Both 2-D axisymmetric and 3-D simulations were performed, and their results were compared. The primary performance variable for SJAs (nozzle exit centreline velocity) was taken as the comparison metric. Maximum nozzle exit velocities for four different excitation frequencies were compared, and are shown in Table 5. It can be seen that the predicted maximum nozzle exit velocities were comparable to within 2.0% , indicating that a 2-D simulation was adequate for the purposes of this study. Therefore, the majority of the results in this work were done in 2-D axisymmetry, where the vertical centreline is given an axisymmetry boundary condition.

2.6. Computational Domain and Meshing

To ensure that the mesh refinement had negligible influence on the results of the simulations, a mesh sensitivity study was performed following the methods outlined by Celik et al. [41] based on the nozzle exit velocity [20,22,25]. It was found that the chosen mesh (with 40577 elements) was adequate.

The computational domain for the simulations was comprised of three subdomains. The first subdomain was the cavity and nozzle. This region was meshed with a fine triangular mesh, a boundary layer on the walls, and extra refinement at the entrance and exit of the nozzle to accommodate the high gradients near the corners. Notably, Jain et al. [20] reported that grid refinement at the nozzle exit was most crucial as the results are most sensitive in that region, and stated that a resolution of $0.1mm$ was sufficient for an orifice diameter of $3mm$. Taking this into account, the selected mesh for the current research had 14 elements across its $1mm$ radius, which results in an average resolution of $0.07mm$ at the exit.

Given the dependence of thermal and viscous penetration depths on frequency, the boundary layers were given a thickness according to Equation 15, which varied based on the actuation frequency of the diaphragm. For example, the boundary layers were $0.16mm$ thick when the actuation frequency was $280Hz$. All boundary layers were comprised of 8 layers. A region was also implemented near the diaphragm for moving mesh, to accommodate the motion of the diaphragm. Yeoh smoothing was used for mesh smoothing [42].

The exterior region of the computational domain was comprised of fine triangular elements near the nozzle exit which became coarser as the distance from the nozzle grew. The maximum element size in the near-orifice region was set as $1/3$ the radius of the nozzle, as recommended by Jensen [43] when modelling thermoviscous acoustics. This was also sufficient to capture the vortex roll-up and high velocity gradients. The mesh was coarsened beyond 12 orifice diameters from the nozzle exit. The radius of the exterior region was set as 20 times that of the orifice radius, because Qayoum and Malik [25] showed that was sufficient to ensure the boundary had negligible effect on results.

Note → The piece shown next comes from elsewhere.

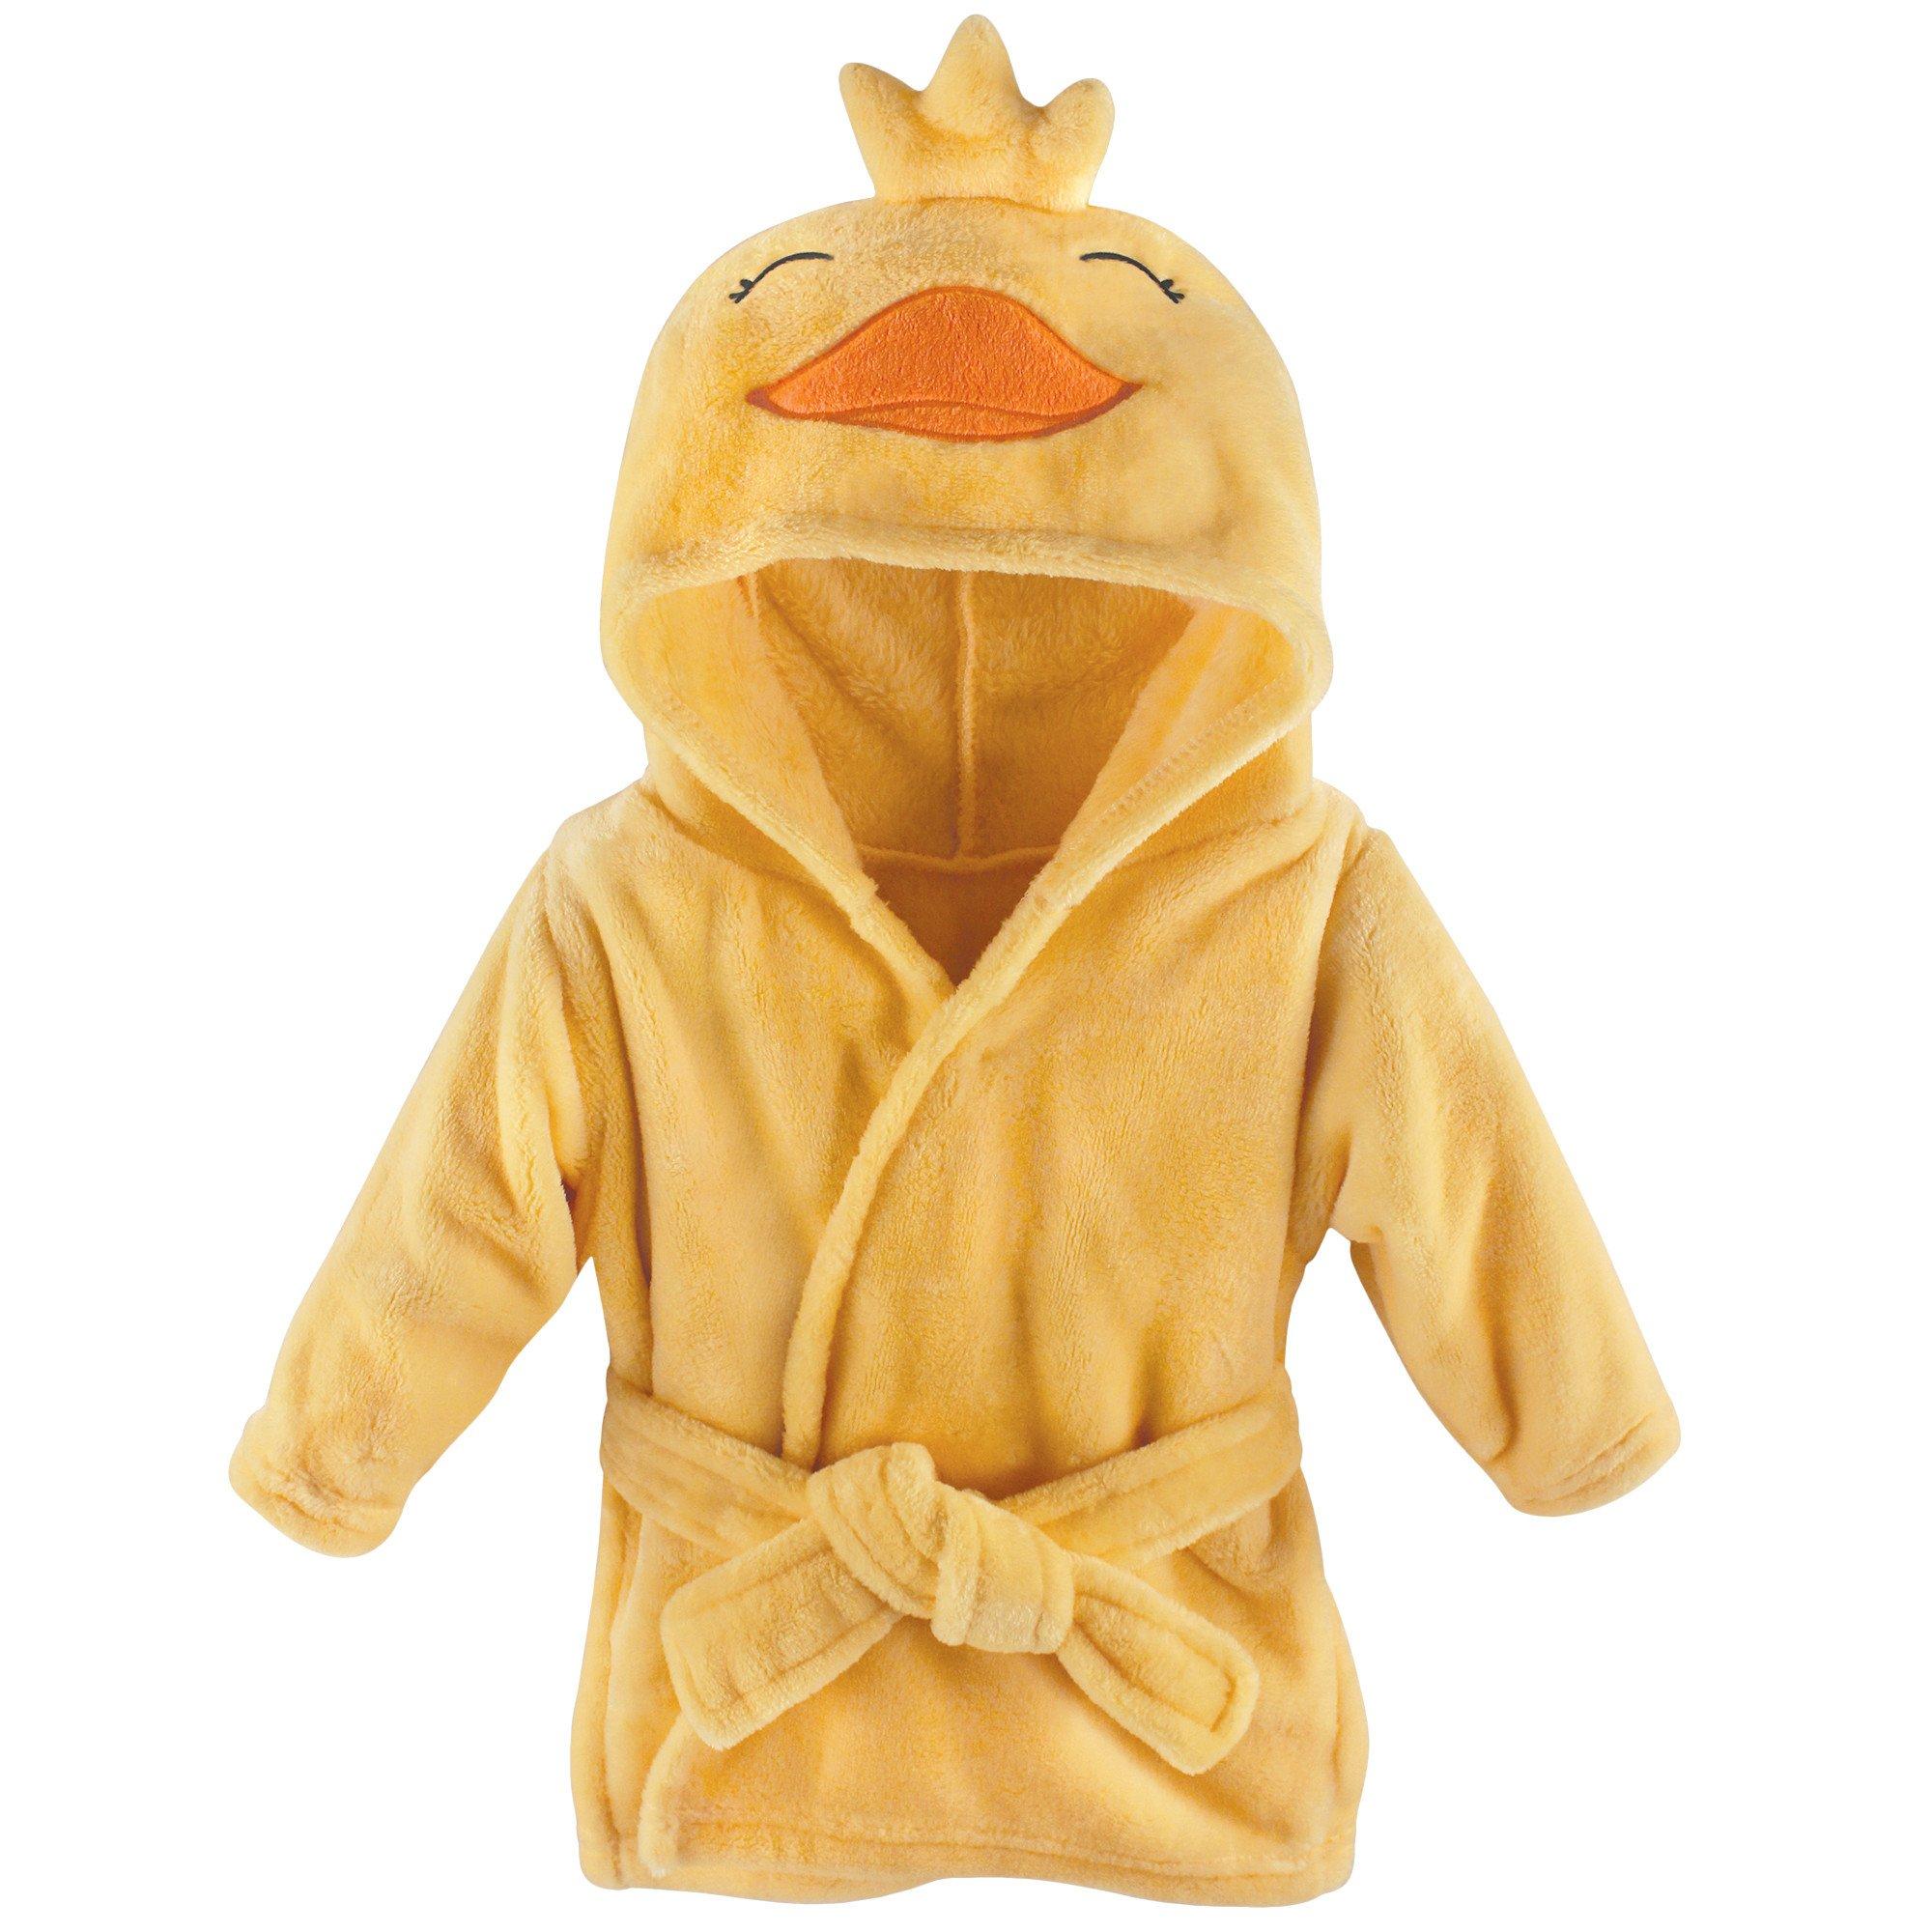 Hudson Baby Soft Plush Baby Bathrobe, Duck, 0-9 Months

The final region of the computational domain was the perfectly matched layer which surrounded the exterior region. This region was meshed with quadrilateral elements, and was 8 layers thick [38]. The entire mesh consisted of 40577 elements with an average quality of 0.87. The mesh used by Qayoum and Malik [25], who also studied SJAs from a multiphysics perspective and at comparable Reynolds numbers, was used as a reference. The number of elements in the nozzle and cavity was based loosely on the findings of their mesh sensitivity study.

The region outside the cavity and nozzle was modelled as a hemisphere because the sound emanates from the nozzle exit, which can be approximated as a sound point source. This is favourable for the setup of the perfectly matched layer. Figure 8 shows the mesh that was selected for the simulations. Figure 9 and Figure 10 show the mesh refinement at the nozzle exit and entrance, respectively.

2.7. Time and Solver Settings

Synthetic jet actuators have flow fields that are transient in nature. Therefore, an unsteady study was performed. The first cycles of the transient study establish a steady–state operation condition of the SJA, after which each cycle of operation performs virtually the same as the last. To ensure that the results were independent of the total discretization time of the simulation, each trial was performed for a minimum of 15 cycles. Figure 11 shows the centerline velocity at the nozzle exit of the SJA for the first 15 cycles. After the 10th cycle, the maximum velocity in each cycle varies by no more than $0.1m/s$.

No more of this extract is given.